MAJOR FUNDING FOR HARVARD PROBLEM GAMBLING RESEARCH
4 July 2008
But critics question funding by gambling companies
Harvard University research endowments of $34.9 billion
make it the world's richest school, claims an
interesting article by Oliver Staley in Bloombergs
business news this week, which reveals that since 1996
up to $9.1 million of this financial support has come
from the gambling industry in its fight against problem
gambling.
Howard Shaffer and the [gambling research] institute he
heads at Harvard has used the money to fund important
research into addictive behaviour, but critics have
claimed that industry backing clouds the legitimacy of
his research.
Shaffer's work shows that fewer than 2 percent of US
citizens are pathological gamblers, and critics allege
that he wins corporate support because his research
shows that gambling addiction is rooted in brain
chemistry and not casino practices.
"The casinos love the biological research because it
points to the gambler as the source of the problem,
rather than pointing to things like casino policy,"
Henry Lesieur, a psychologist who treats addicts at
Rhode Island Hospital in Providence claims.
Shaffer counters the claims by asserting that his
funding sources were fully disclosed, his findings were
published in peer-reviewed journals and casino companies
had not interfered with his research.
A 1999 Shaffer study funded by an industry-backed
organisation found that casino employees had a higher
rate of pathological gambling addictions, as well as
higher rates of smoking, alcohol and depression, than
the general adult population - evidence that his work
was unbiased, he said.
"Good science is good science,'' Shaffer, an associate
professor of psychology in Harvard's Department of
Psychiatry and the director of the Division on
Addictions, a program of Harvard Medical School and the
Cambridge Health Alliance, based in Medford,
Massachusetts, said. "It is possible to do very good
research independent of the funding.

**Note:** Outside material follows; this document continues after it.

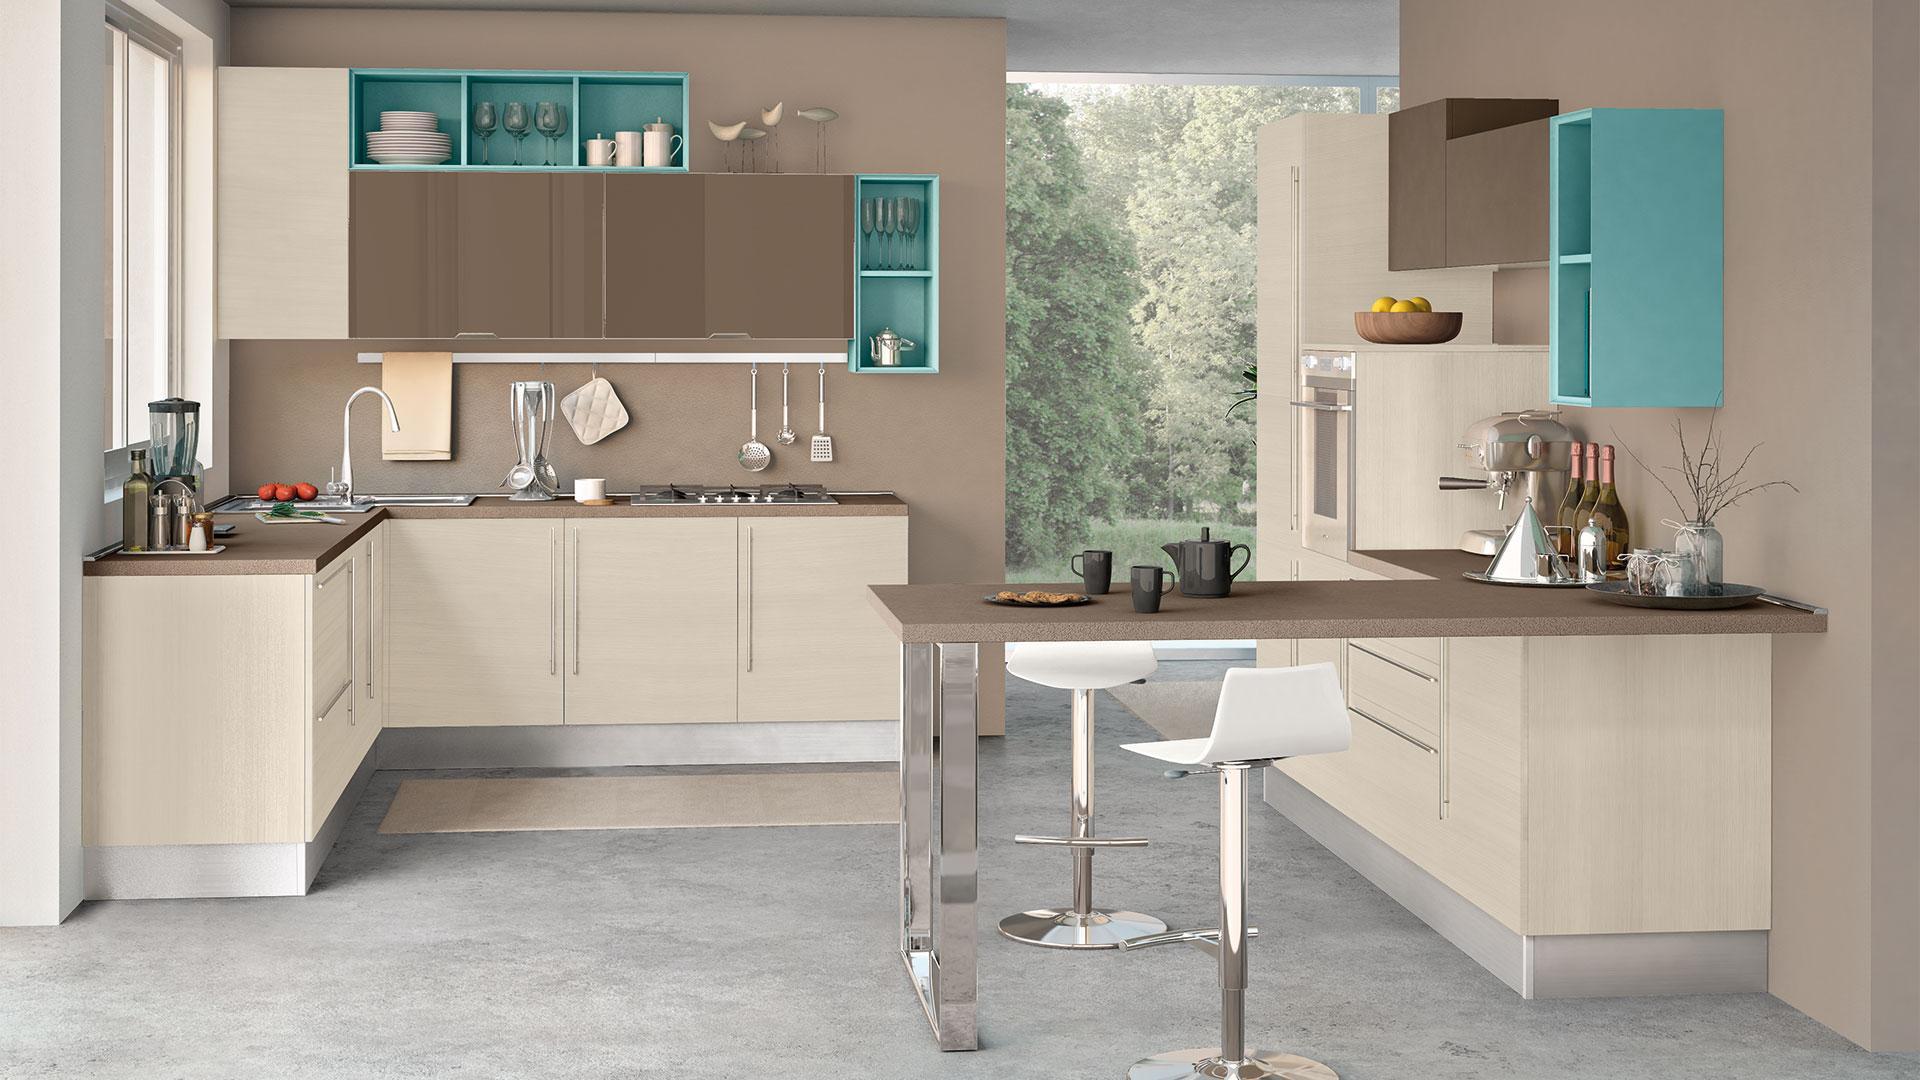 Come scegliere il colore delle pareti per la cucina i consigli per ogni modello cucine lube - Colori pareti cucina classica ...
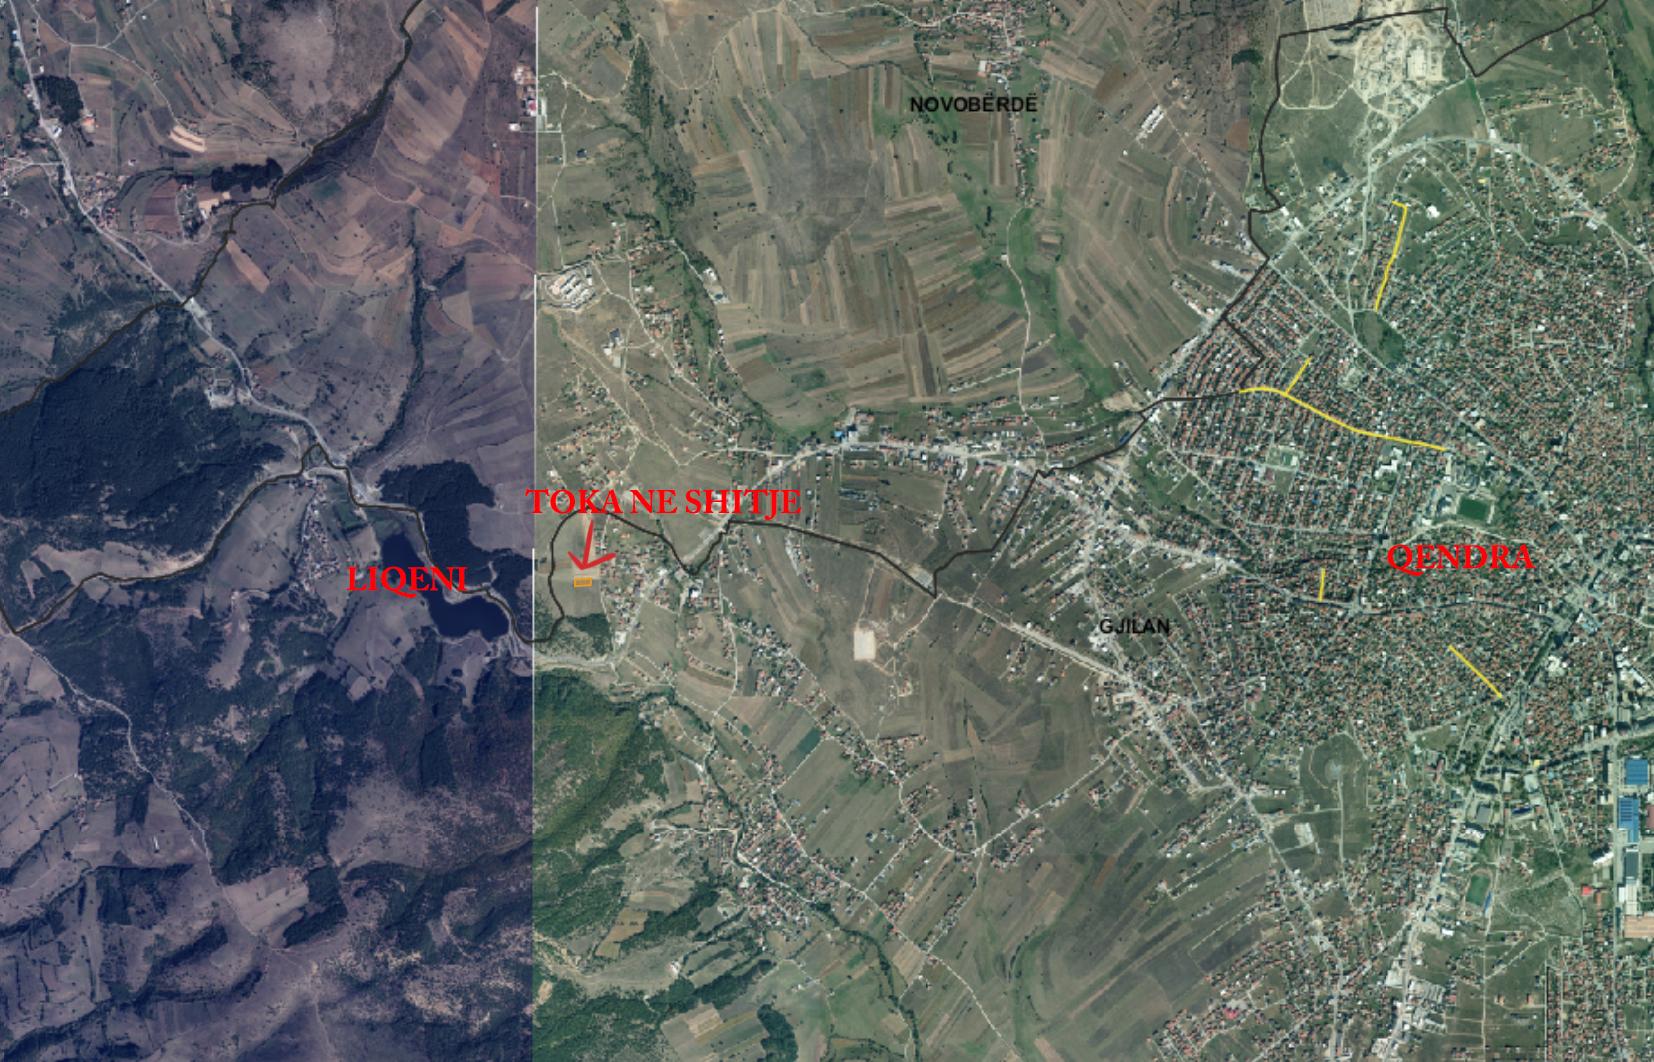 Shitet parcela 15.66ari në Livoq i Epërm – Gjilan

It is also possible
to be swayed by funding. My job is to have integrity and
I think we have it.''
Three Harvard Medical School psychiatrists were accused
on June 4 this year of ethical violations by Senator
Charles Grassley, an Iowa Republican, for failing to
disclose they received $3.2 million from drugmakers for
consulting and speaking. The allegations are being
investigated.
Close ties like this with industry can lead to a bias
called "the funding effect'', said Merrill Goozner,
director of the Integrity in Science Project of the
Center for Science in the Public Interest, a
Washington-based advocacy group. There also is pressure
on professors to garner corporate sponsors because
universities evaluate academics by how much outside
research money they bring in, Goozner said.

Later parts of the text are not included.